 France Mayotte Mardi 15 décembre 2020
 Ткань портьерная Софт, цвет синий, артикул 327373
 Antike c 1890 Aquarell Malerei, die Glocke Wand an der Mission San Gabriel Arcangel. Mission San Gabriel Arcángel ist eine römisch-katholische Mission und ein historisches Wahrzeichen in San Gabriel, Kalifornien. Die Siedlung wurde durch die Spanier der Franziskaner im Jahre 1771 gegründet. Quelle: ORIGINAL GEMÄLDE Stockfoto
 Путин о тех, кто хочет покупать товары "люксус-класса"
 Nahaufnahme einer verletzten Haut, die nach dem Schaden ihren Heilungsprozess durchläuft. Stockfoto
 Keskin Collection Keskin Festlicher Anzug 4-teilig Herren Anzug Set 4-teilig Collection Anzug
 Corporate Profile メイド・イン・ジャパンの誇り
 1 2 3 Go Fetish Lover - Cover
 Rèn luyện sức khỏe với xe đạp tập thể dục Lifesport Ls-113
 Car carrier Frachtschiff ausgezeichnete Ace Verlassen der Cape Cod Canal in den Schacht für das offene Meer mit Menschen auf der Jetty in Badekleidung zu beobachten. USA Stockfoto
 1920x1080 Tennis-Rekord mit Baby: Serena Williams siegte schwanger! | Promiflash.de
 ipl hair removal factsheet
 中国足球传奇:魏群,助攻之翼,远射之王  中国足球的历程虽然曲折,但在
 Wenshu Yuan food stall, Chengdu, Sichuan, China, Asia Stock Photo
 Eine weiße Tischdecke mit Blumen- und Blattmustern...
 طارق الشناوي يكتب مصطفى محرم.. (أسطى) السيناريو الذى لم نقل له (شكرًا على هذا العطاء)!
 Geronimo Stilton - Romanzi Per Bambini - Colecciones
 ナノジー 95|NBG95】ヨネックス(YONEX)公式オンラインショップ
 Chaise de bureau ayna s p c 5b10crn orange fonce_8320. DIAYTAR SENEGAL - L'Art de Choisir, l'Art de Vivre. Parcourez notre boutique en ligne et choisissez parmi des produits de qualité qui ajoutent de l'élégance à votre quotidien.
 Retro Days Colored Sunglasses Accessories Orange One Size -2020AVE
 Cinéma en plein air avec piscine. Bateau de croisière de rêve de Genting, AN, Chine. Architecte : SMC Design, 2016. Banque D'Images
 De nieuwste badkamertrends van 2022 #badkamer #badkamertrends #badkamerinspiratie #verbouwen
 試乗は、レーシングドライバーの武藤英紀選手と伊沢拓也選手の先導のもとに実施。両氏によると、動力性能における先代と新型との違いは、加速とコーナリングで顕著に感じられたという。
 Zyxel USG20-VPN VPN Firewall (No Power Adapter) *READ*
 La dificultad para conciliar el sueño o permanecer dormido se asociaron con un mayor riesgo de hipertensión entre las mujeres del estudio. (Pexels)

▶ **DESCRIPTION OF THE TASK**:
When a line of the material holds "Stockfoto", count it once, and then give the final number alone.

▶ **ANSWER TO THE PROBLEM**:
3